What would they say if I said, “No, my wife packed it”? Would they rip it apart in search of bombs? Would they take me to one side and strip-search me? Would they ban me altogether from the flight? Obviously I wouldn’t dare risk a joke with these harridans.
I once resisted a surcharge imposed because my single case was too heavy though, as it contained clothes for two people, it was way below our combined allowance.
After being threatened with arrest I was forced to go and buy a new case, rearrange the luggage, and go to the back of the queue. It might have been cheaper to cough up in the first place.
Then there’s security, immigration and passport control. They are often quite pleasant people who are only doing their job. We all want safe flights. But it’s more queues.
You have to remove most of your clothes – including your shoes, which means remembering to put on socks without holes.

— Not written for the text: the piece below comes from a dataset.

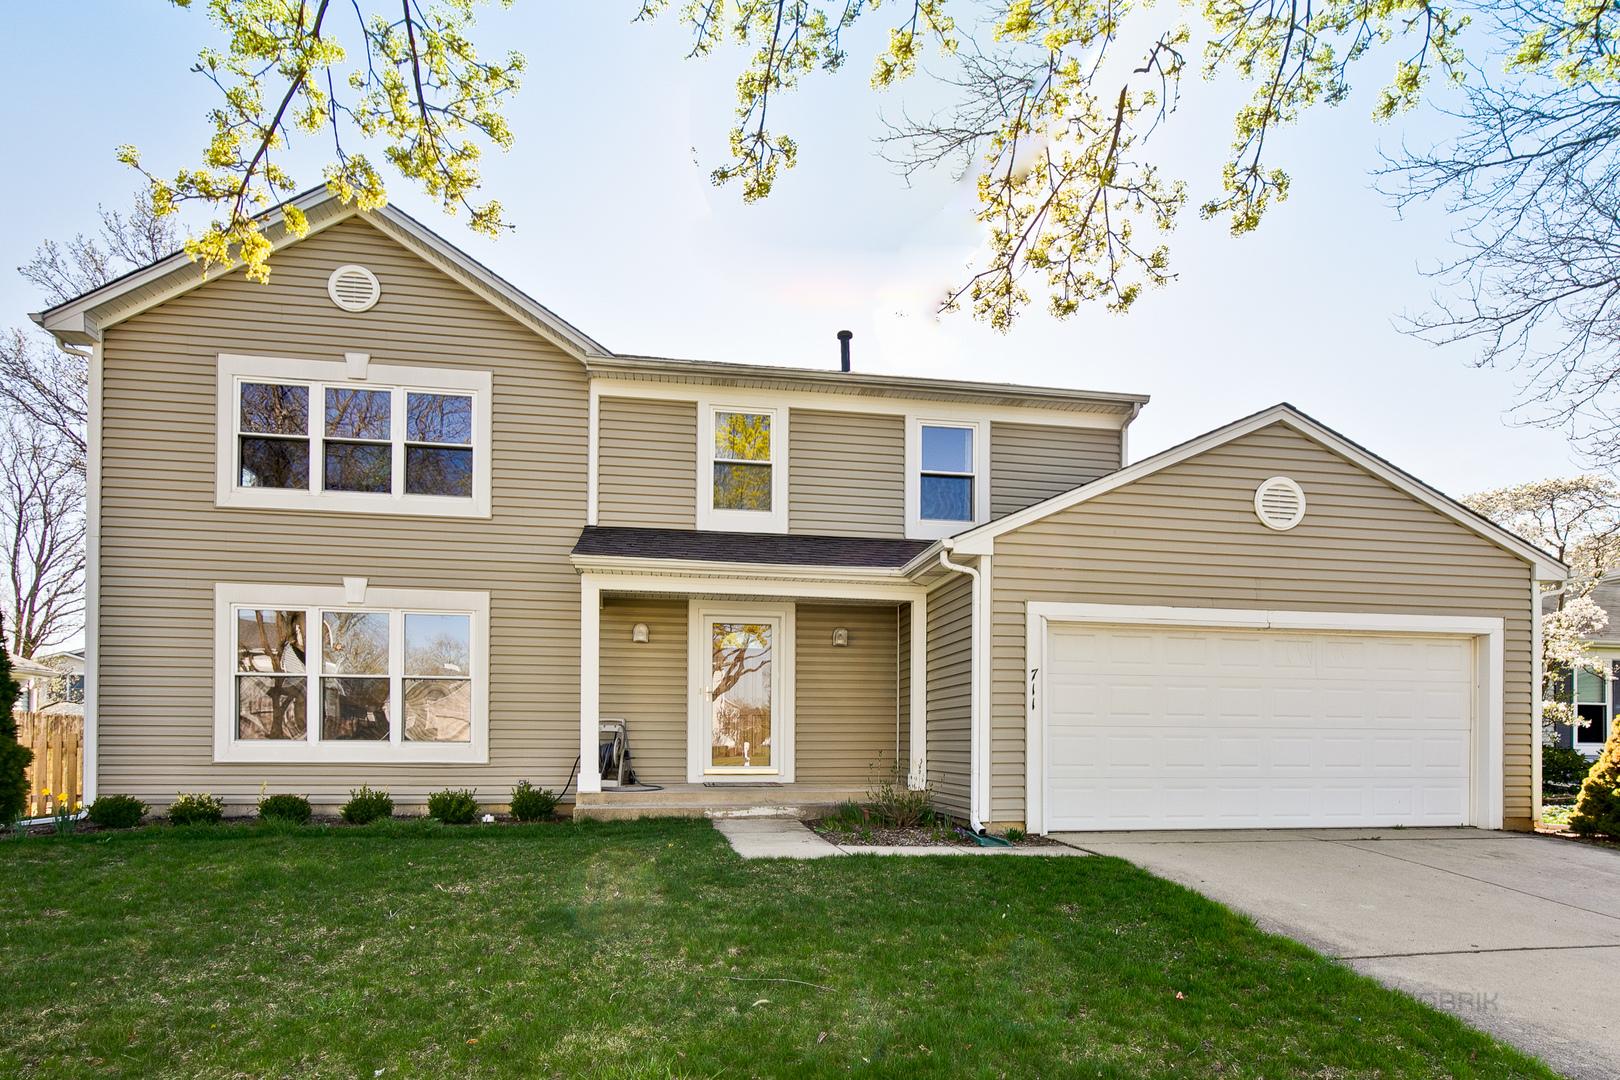 711 Aberdeen ,Buffalo Grove, Illinois 60089

They rifle through your hand luggage throwing out any bottled water you may have because the airport wants to sell its their own at excessive prices once you’ve made it into the shopping mall known as the departure lounge.
Here, you while away the hours waiting for your flight to be called. There’s nowhere comfortable to sit unless you go to one of the many food and drink outlets and blow the holiday money on a couple of cappuccinos and a croissant.
Finally you get to departure gate 273 by traipsing down endless corridors where the travelators don’t work. And you sit. Usually on the floor because the 100 seats available for the 350 passengers are all taken.
At this point you might pluck up the courage to ask one of the BA staff why the flight is two hours late so far and when they think they might deign to take off.
They order you, in not very polite terms, to go away and mind your own business. As soon as they have some information to impart, they will let you know.
Finally you queue again to have your boarding card and ticket checked. At length, you’re allowed onto the plane.
The cabin crew look on disdainfully as you turn right into the cheap seats and struggle to squeeze yourself in beside the fat bloke in the aisle seat who is your companion for the next four hours.
You can’t sleep because the seats are too uncomfortable so you let yourself graze on the disgusting food all the time knowing the plastic trays themselves would be more nutritious.
And all of this takes place as you check out your fellow passengers to identify the terrorist and remember those stories, real and fictional, about planes plunging from the skies.
A strike is the best service BA could offer its customers. That way, we can book to go somewhere exotic and enjoy a fantasy holiday without enduring the grim reality of having to go through with it.
Robert Louis Stevenson once said “to travel hopefully is a better thing than to arrive”. Obviously he’d never flown.